What is needed: Pick out all lines with the word "Banque" from the records that follow.

Records supplied:
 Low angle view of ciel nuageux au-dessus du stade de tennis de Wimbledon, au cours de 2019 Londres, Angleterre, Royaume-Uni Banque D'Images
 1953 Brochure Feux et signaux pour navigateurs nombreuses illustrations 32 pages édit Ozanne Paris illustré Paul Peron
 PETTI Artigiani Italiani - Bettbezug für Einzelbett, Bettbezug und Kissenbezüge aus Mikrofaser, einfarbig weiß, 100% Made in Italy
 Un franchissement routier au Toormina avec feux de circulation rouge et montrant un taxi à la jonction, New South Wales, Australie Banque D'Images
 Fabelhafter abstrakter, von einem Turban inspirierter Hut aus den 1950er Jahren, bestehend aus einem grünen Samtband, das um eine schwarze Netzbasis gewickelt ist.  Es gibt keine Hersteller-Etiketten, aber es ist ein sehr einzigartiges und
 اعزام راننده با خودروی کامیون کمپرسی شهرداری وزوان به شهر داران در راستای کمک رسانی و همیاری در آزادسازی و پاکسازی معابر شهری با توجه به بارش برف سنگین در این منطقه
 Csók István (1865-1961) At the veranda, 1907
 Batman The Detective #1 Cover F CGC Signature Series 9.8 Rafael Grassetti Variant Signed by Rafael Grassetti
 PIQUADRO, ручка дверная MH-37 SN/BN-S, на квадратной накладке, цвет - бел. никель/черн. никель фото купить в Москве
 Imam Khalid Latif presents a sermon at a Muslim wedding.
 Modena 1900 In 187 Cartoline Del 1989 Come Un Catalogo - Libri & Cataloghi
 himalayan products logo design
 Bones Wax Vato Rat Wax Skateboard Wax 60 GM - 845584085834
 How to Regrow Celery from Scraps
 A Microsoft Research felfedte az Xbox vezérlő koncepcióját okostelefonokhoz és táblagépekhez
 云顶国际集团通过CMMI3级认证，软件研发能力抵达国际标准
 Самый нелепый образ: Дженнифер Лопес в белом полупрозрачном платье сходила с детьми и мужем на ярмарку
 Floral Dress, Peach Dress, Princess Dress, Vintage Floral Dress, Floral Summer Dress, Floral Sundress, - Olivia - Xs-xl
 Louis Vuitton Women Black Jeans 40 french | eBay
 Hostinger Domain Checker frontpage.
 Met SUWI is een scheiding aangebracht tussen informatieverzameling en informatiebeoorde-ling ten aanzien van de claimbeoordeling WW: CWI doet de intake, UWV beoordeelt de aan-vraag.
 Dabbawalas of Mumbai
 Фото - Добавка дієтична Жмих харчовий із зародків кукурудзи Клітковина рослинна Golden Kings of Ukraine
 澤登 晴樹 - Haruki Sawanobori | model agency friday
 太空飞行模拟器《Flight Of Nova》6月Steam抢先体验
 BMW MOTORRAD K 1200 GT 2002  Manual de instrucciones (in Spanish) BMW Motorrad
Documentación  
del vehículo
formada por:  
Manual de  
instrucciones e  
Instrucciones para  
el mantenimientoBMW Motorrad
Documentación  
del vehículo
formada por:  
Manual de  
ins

Response box:
 Low angle view of ciel nuageux au-dessus du stade de tennis de Wimbledon, au cours de 2019 Londres, Angleterre, Royaume-Uni Banque D'Images
 Un franchissement routier au Toormina avec feux de circulation rouge et montrant un taxi à la jonction, New South Wales, Australie Banque D'Images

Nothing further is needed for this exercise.